Data in this exercise:
__________________________________________________
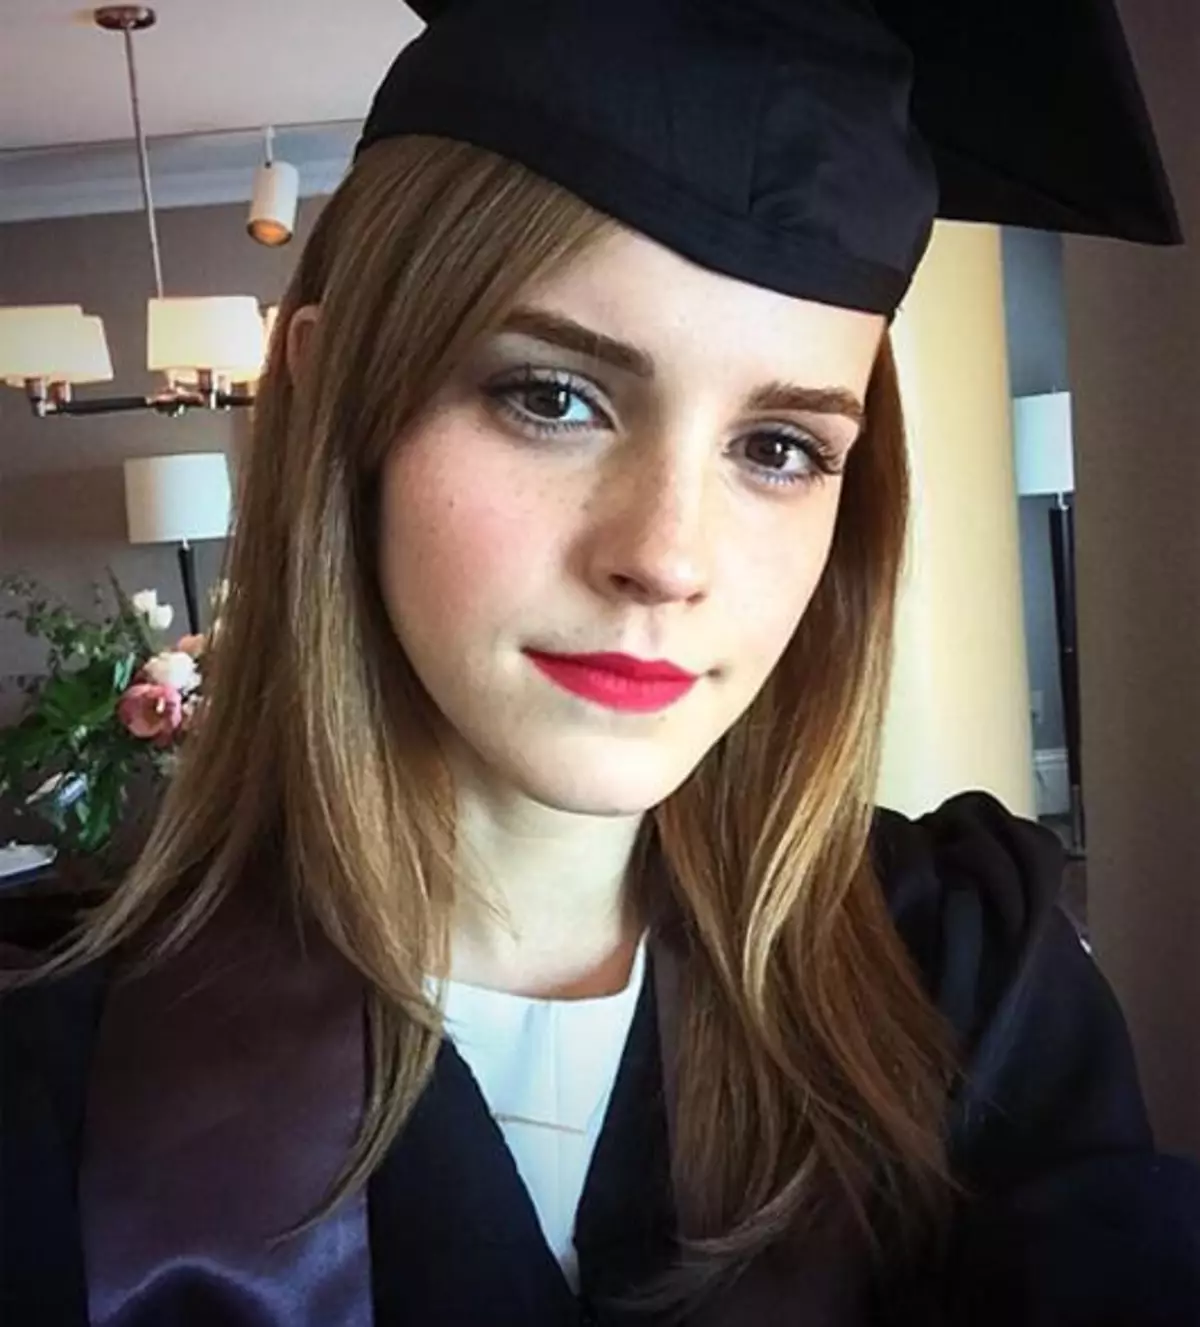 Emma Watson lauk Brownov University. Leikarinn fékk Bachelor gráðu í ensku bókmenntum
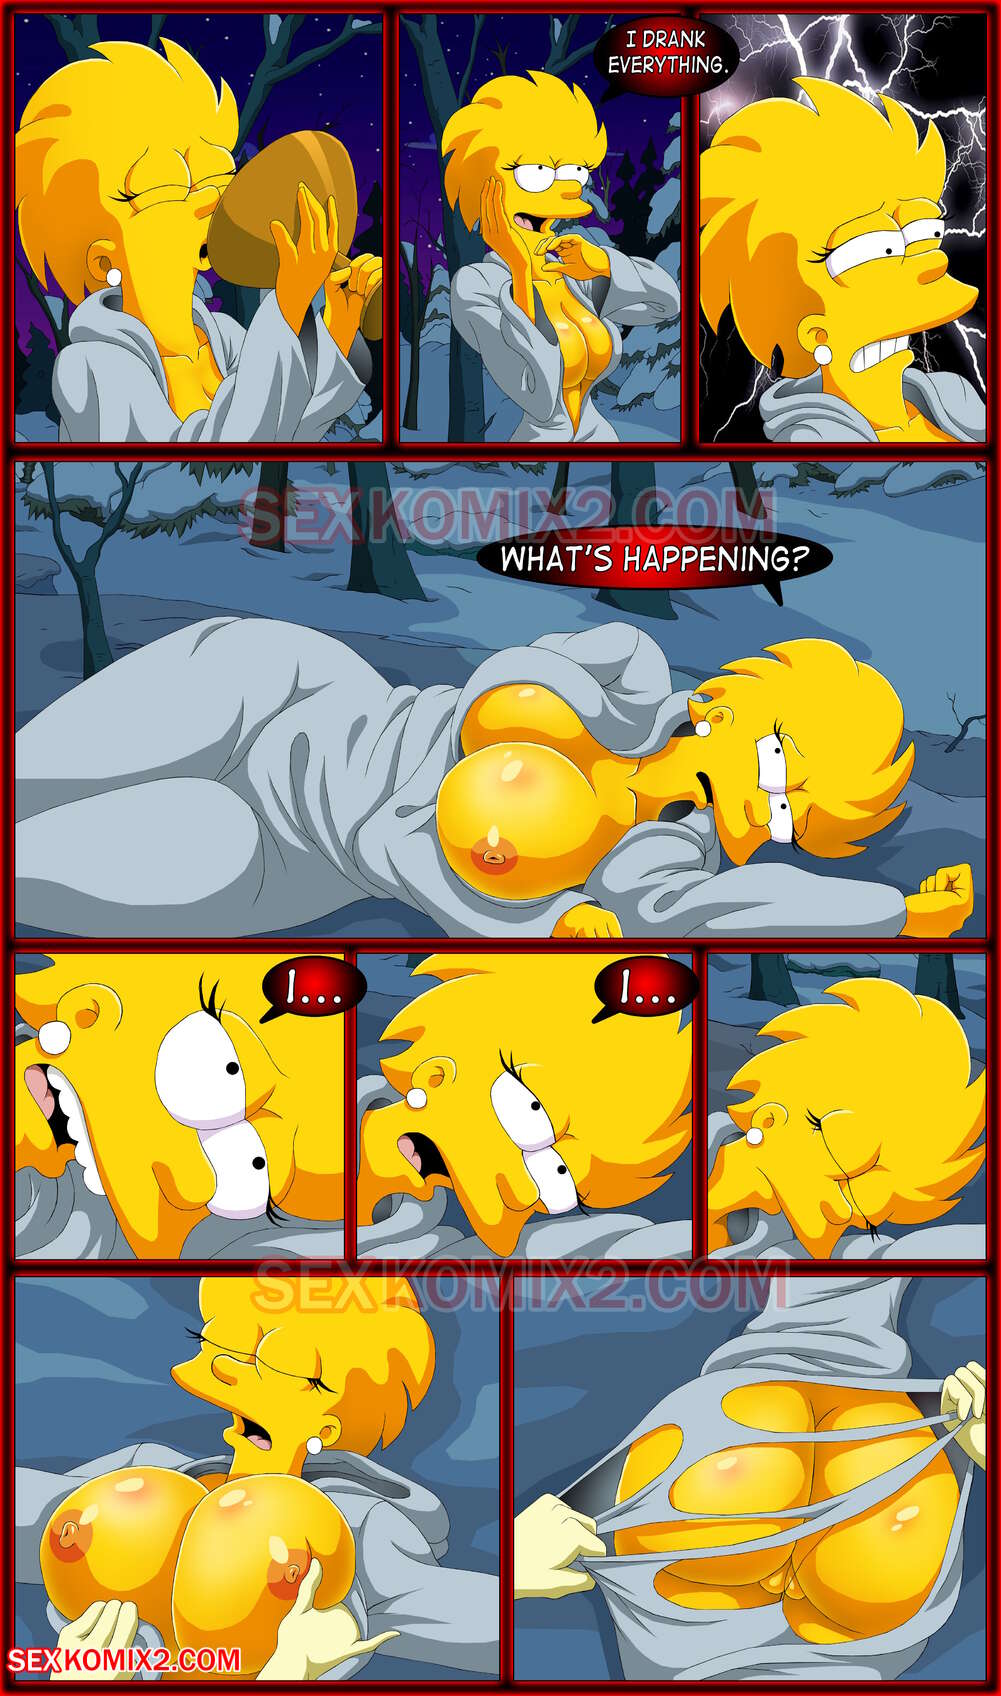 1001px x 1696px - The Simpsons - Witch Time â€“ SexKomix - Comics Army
__________________________________________________
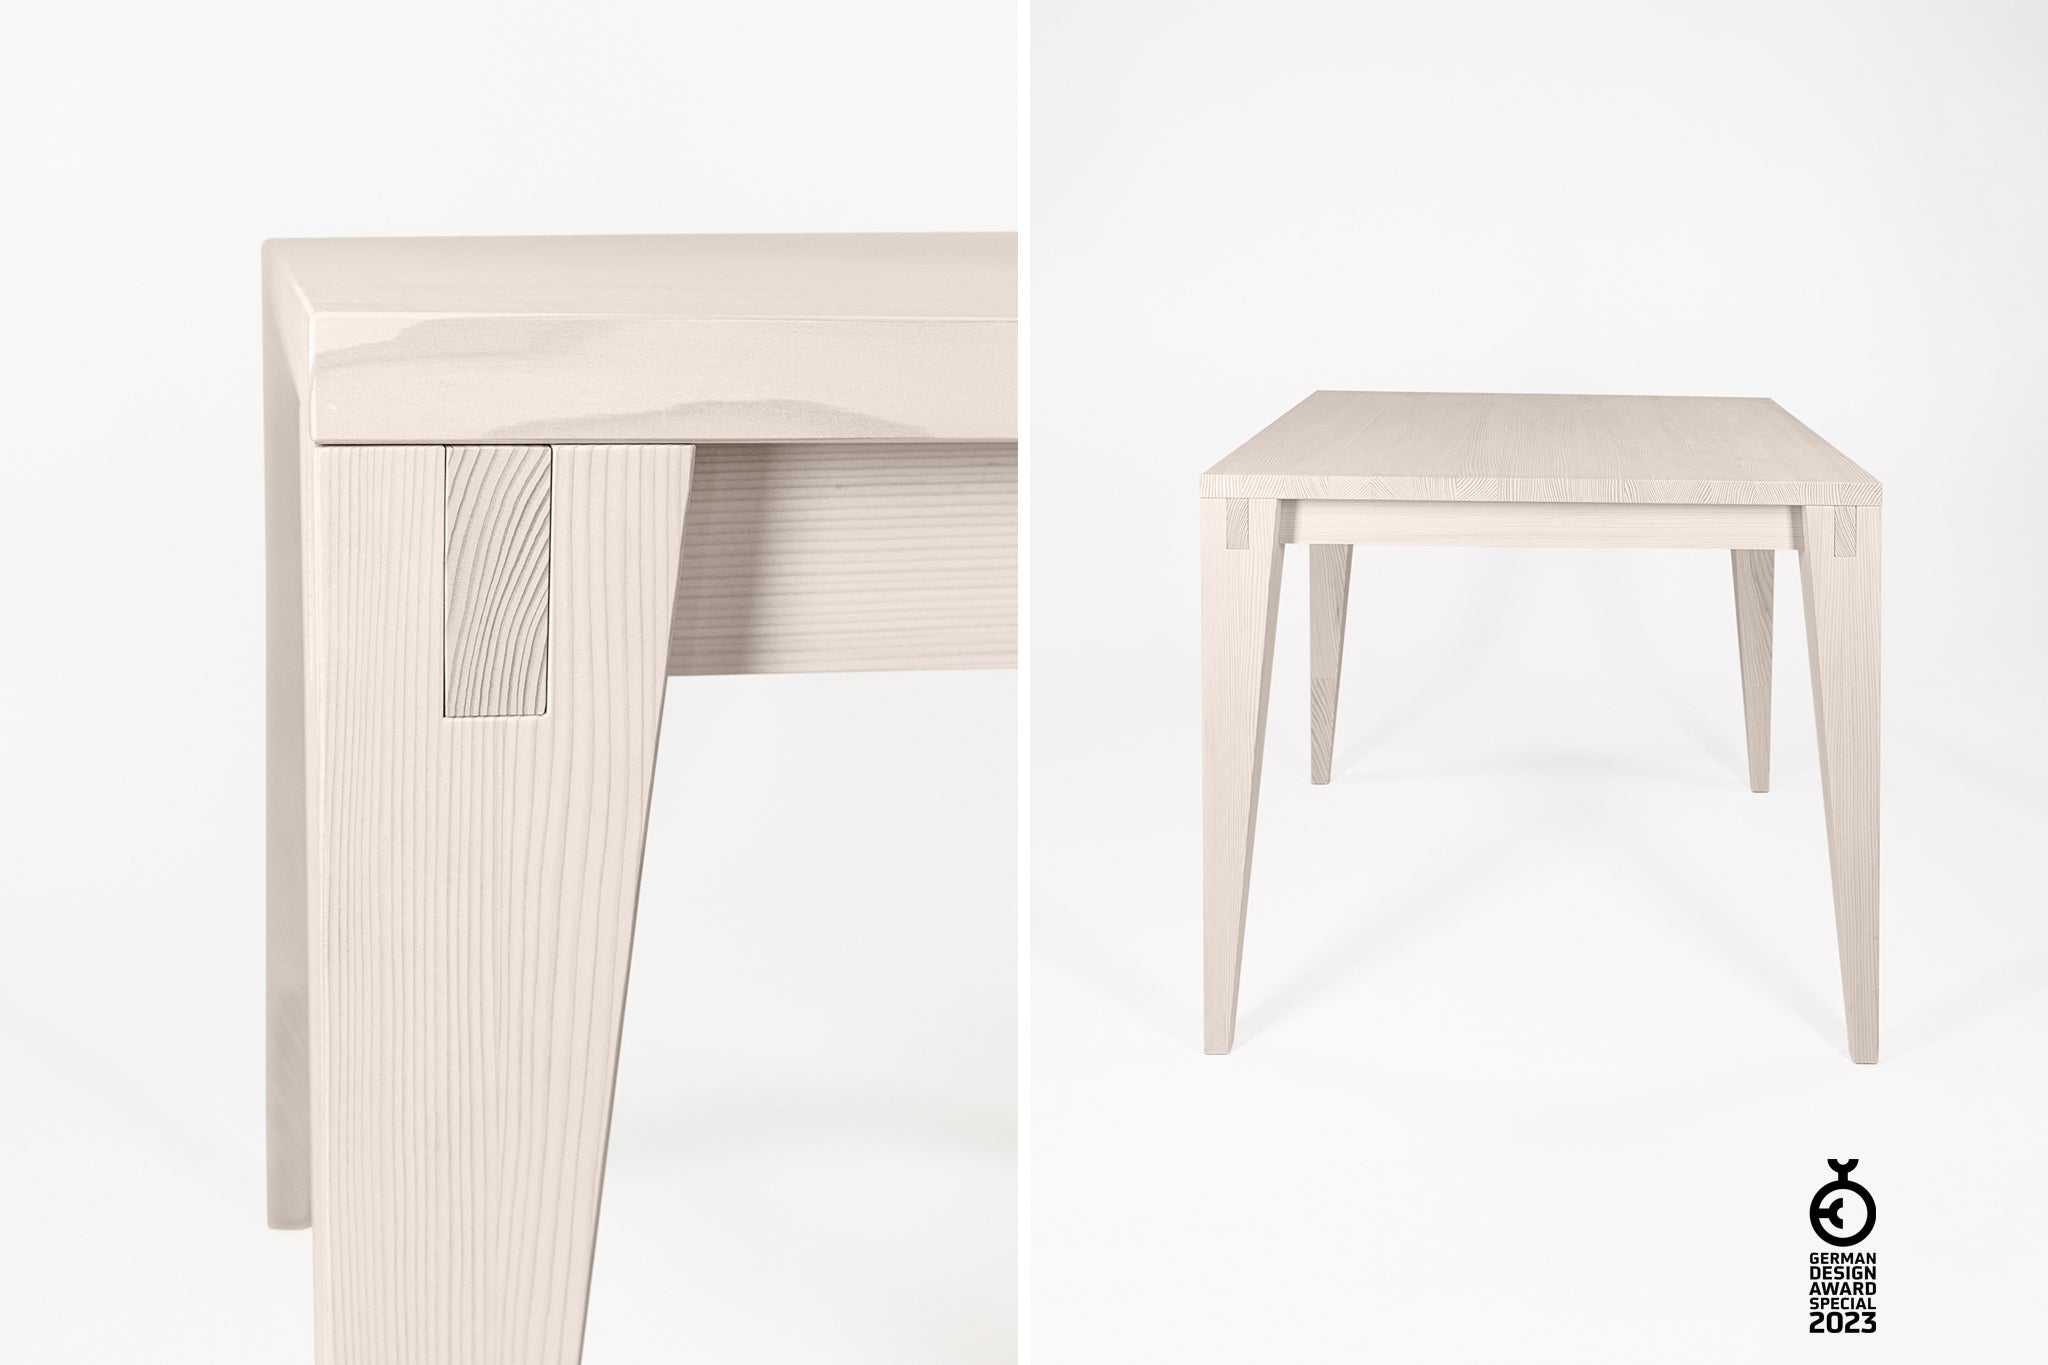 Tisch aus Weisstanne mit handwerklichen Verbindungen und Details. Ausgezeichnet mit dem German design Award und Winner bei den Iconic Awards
__________________________________________________
Required action:
In the records above, find the line containing "Emma Watson lauk" and the line containing "1001px x 1696px", then give both of them again word for word along with every line between. Omit any pictures.

Response below:
 Emma Watson lauk Brownov University. Leikarinn fékk Bachelor gráðu í ensku bókmenntum
 1001px x 1696px - The Simpsons - Witch Time â€“ SexKomix - Comics Army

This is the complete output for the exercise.